Responding to criticism that the “CAPM only produces allegedly precise results”, the BGH (2015, sec. 42) emphasizes that the model involves estimation, just like the complete calculation of the business value by means of the capitalized earnings method itself. The OLG Düsseldorf (2018, sec. 40–41) discusses criticism against the MRP. It refers to unsolved questions in business economics and highlights that it can only be an estimation. Based on this argument, the court rejects respective criticism. Following similar lines of reasoning, other courts refer to the judicial requirement for estimation according to § 287 sec. 2 ZPO, its inevitable inaccuracies, and the corresponding requirements to the CAPM (e.g., OLG Frankfurt 2017, sec. 28, 105–119; OLG Stuttgart 2006, pp. 114–117; 2009, sec. 137, 220–221; 2014b, sec. 107–125).

Accordingly, courts clarify that inaccuracies are acceptable as it is not required (or even possible) to calculate the “true” value but rather to estimate an acceptable one. In doing so, courts demonstrate that they do not naively expect valuation in general and the CAPM in particular to provide “exact” or “true” results. Moreover, they reinforce their line of reasoning to reject criticism on the basis of reduced requirements.

(A4) Courts do not Intend to Solve Disputes in Business Economics

With the proceeding dissemination of the CAPM in judicial practice, courts increasingly point out the limits of their decisions. For instance, the KG Berlin (2009, sec. 36) recognizes and confirms that there are no generally accepted principles in business economics. It then emphasizes that the court is not the correct place to constantly play off opposing doctrines against each other (KG Berlin 2009, sec. 36). Even more precisely, the OLG Stuttgart (2014b) discusses the role of the court regarding the development of valuation models and techniques. It stresses that the development of valuation models and techniques is a question that must be clarified within the academic discourse of business economics (OLG Stuttgart 2014b, sec. 97). The court explicitly points out that it is not the task of the judicial procedure to foster the development of business economics (OLG Stuttgart 2014b, sec. 97; see further OLG Stuttgart 2006, 2011d, sec. 306; OLG Karlsruhe 2013, sec. 47). Similarly, the OLG Zweibrücken (2017, sec. 11, 18) argues that it is neither the court’s task to clarify nor contribute to academic controversies regarding business valuation.

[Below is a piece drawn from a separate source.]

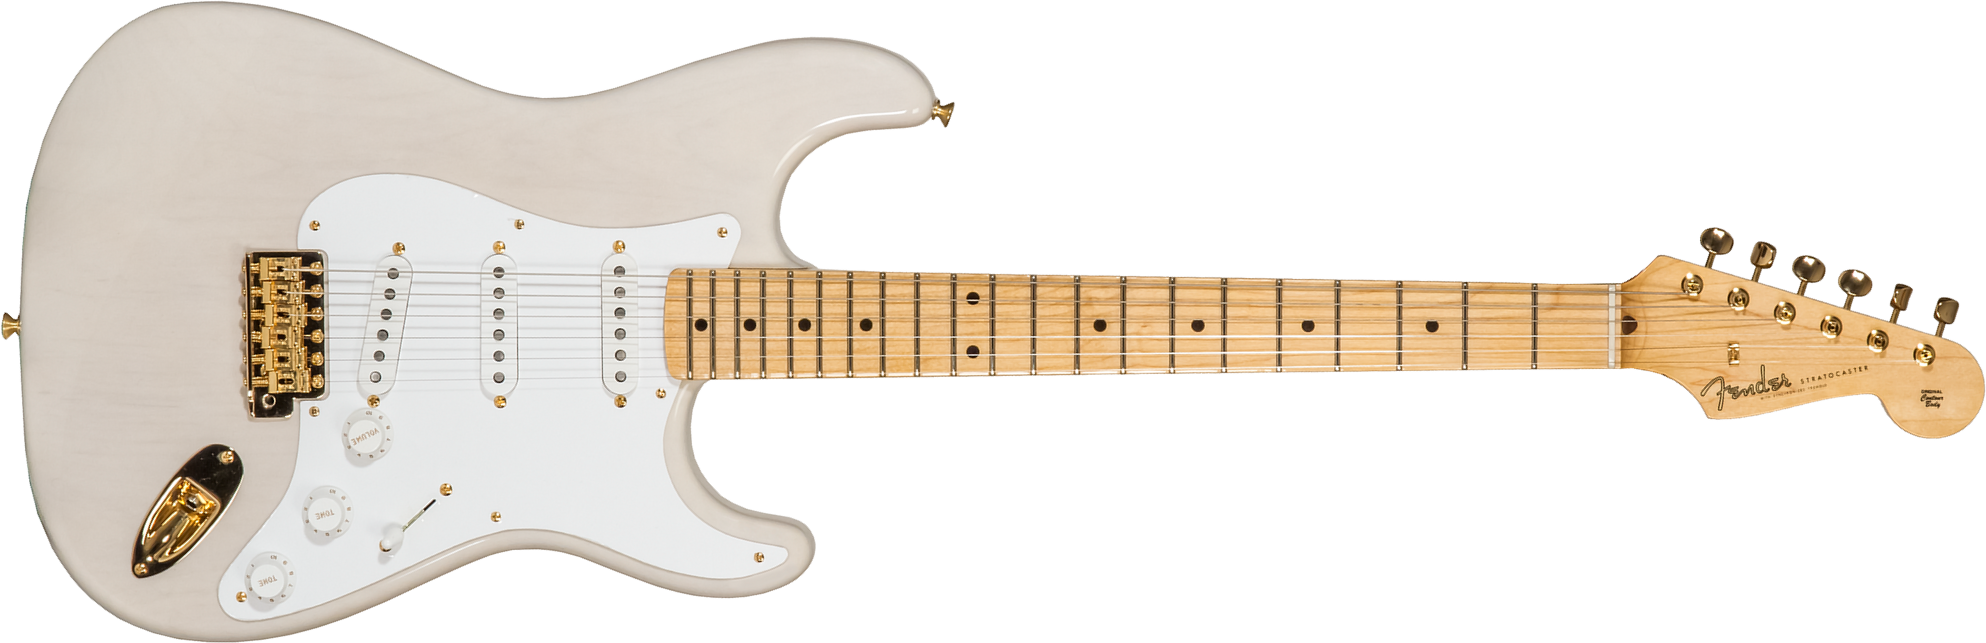 Fender Custom Shop Strat 1957 3s Trem Mn #r125475 - Nos White Blonde - Str shape electric guitar - Main picture

Courts increasingly point out that they do not provide the appropriate platform to discuss, dispute, and clarify unsolved and/or controversial questions from business economics and thus elaborate the academic discipline. In doing so, courts demonstrate that they do not intend to take a side regarding technical, economic issues but rather leave them to the economic experts. The argument reflects that courts principally intend to take a neutral position regarding the development of valuation techniques. Regarding the heterogeneous and controversial discipline, the argument protects courts from—at least—the direct accusation of being biased.

(A5) Business Economics Shall Clarify open Questions and Solve Disputes

The other side of the coin regarding the preceding argument is that business economics itself shall clarify open questions and solve disputes. In the context of the role of the CAPM we can differentiate two main directions of such disputes: (a) alternatives to its application and (b) details of its application. Paulsen (2008) has already steered the focus to details and A1 has already indicated the courts’ respective attitude.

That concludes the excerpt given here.